I read in a PDF file in Python, added a text box on top of the text that I'd like to redact, and saved the change in a new PDF file. When I searched for the text in the redacted PDF file using a PDF reader, the text can still be found.
Is there a way to save the PDF as a single layer file?
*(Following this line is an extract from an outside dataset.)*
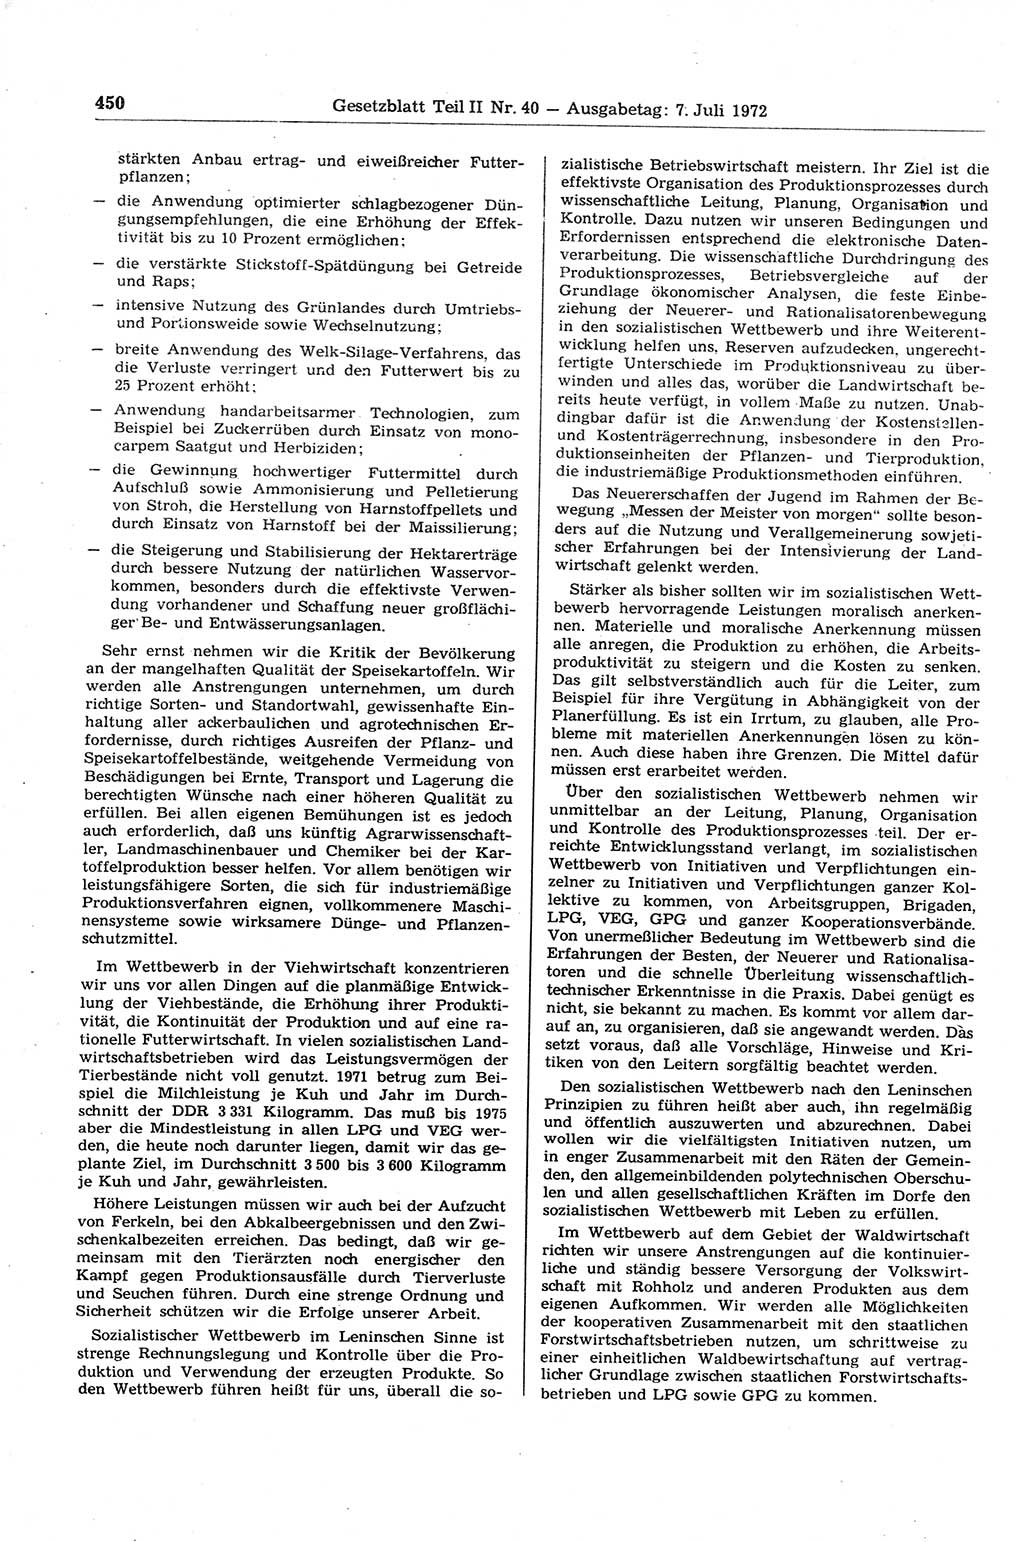 Gesetzblatt (GBl.) der Deutschen Demokratischen Republik (DDR) Teil ⅠⅠ 1972, Seite 450 (GBl. DDR ⅠⅠ 1972, S. 450)

Or is there a way to ensure that the text under the text box can be removed?
import PyPDF2
import re
import fitz
import io
import os
import pandas
import numpy as np
from PyPDF2 import PdfFileReader, PdfFileWriter
from reportlab.pdfgen import canvas
from reportlab.lib.pagesizes import A4
from reportlab.graphics import renderPDF
from reportlab.lib import colors
from reportlab.graphics.shapes import *
reader = PyPDF2.PdfReader(files)
packet = io.BytesIO()
can = canvas.Canvas(packet, pagesize = A4)
can.rect(65, 750, 40, 30, stroke=1, fill=1)
can.setFillColorRGB(1, 1, 1)
can.save()
packet.seek(0)
new_pdf = PdfFileReader(packet)
output = PyPDF2.PdfFileWriter()
pageToOutput = reader.getPage(1)
pageToOutput.mergePage(new_pdf.getPage(0))
output.addPage(pageToOutput)
outputStream = open('NewFile.pdf', "wb")
output.write(outputStream)
outputStream.close()
I used one of the solutons (pdf2image and PIL) in the link provided by @Matt Pitken, and it worked well.